開催都市はヤパン連邦の首都であるトキオシティ。
ここはその中心部にあるホテルオープラの会議室。
その会議室内で、トキオ首長国のオイケ首長とヤパン連邦のガース大統領が深刻な面持ちで向かい合っている。
オイケ首長は白いスーツに淡いピンクのコサージュとパールのネックレス。
アナウンサー時代から培ってきたファッションセンスは今も健在だ。
その清楚な装いとは裏腹に、公務に接しての彼女のハートはメチャ熱く、そこから繰り出される権謀術数は、ダカシマヤデパートにも負けない品揃えの多さ。オリンピック後の政界復帰を誰もが予想している。
一方のガース大統領はグレーのスーツに青い無地のネクタイ。いつでも人混みの中に紛れることができる地味な装いだ。
七三に分けたロマンスグレーの下に光る眼差しと眉のシワは、アギダ人特有の強い意志とこれまでの並々ならぬ苦労を物語っている。
宇宙一キレッキレのオイケ首長が切り出す。
「ガース大統領、どうするんですか。感染元のシャイナでは半年前に撲滅宣言したというのに、あなたの中途半端な態度のおかげでヤパンは未だにコロリ感染症の真っ只中。
今オリンピックを開いても、選手も観客も誰もヤパンに来ませんよ。」
ガース大統領が官房長官時代と同様、冷静沈着に無表情で応える。
「しかし去年の段階では先進国の中で最も感染者が少なく非常事態宣言を出すような状況ではなかった。

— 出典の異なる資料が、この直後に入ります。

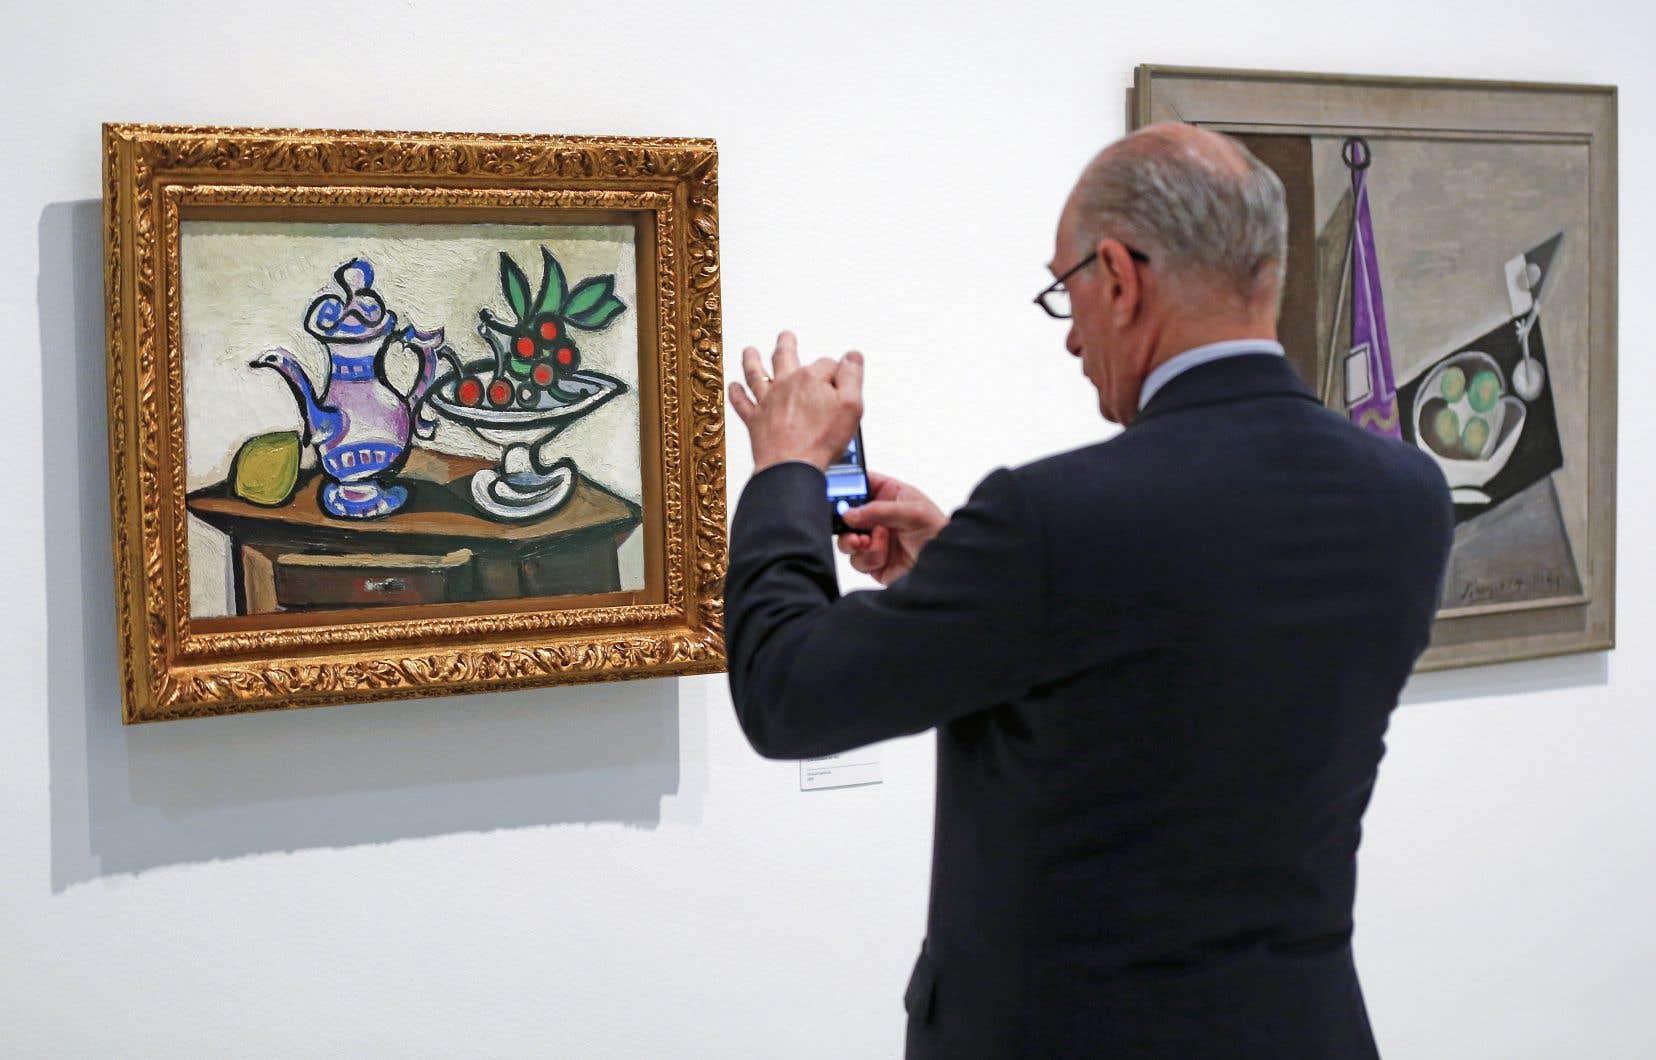 Afin de développer un parcours olfactif, François Chartier a fait appel à une équipe de spécialistes des arômes. Mais comment décrire précisément l'odeur qu'on aimerait recréer?

むしろパブル崩壊から30年、未だに低迷している経済、特に中小企業を救うためにも経済活動を止めない事がヤパンの方針だった。」
「大統領、あなた原稿でも読んでるの?いま目の前に国民はいませんよ。そんなきれいごとは国会答弁だけにしてちょうだい。
とにかくその甘い見通しのおかげで、新規感染者数は大波小波の繰り返し。
他の先進国は第三波で収束したのに、我がヤパンは今、第五波。西方のナニワ首長国は第12波、カリユシ首長国に至っては第17波。
今や世界はコロリ流行前に戻ったのに、ヤパンだけが鎖国状態。
パゴダ星オリンピック委員会が大会返上の意思確認をしてくるのももっともな話しだわ。いったいどうしてくれるんですか。」
ガース大統領は少しばかりムッとする。
「あなたは全ての責任が私にあるような言い方をしているが、そもそも政府の対応を引っ掻き回してきたのはオイケさん、あなたでしょう。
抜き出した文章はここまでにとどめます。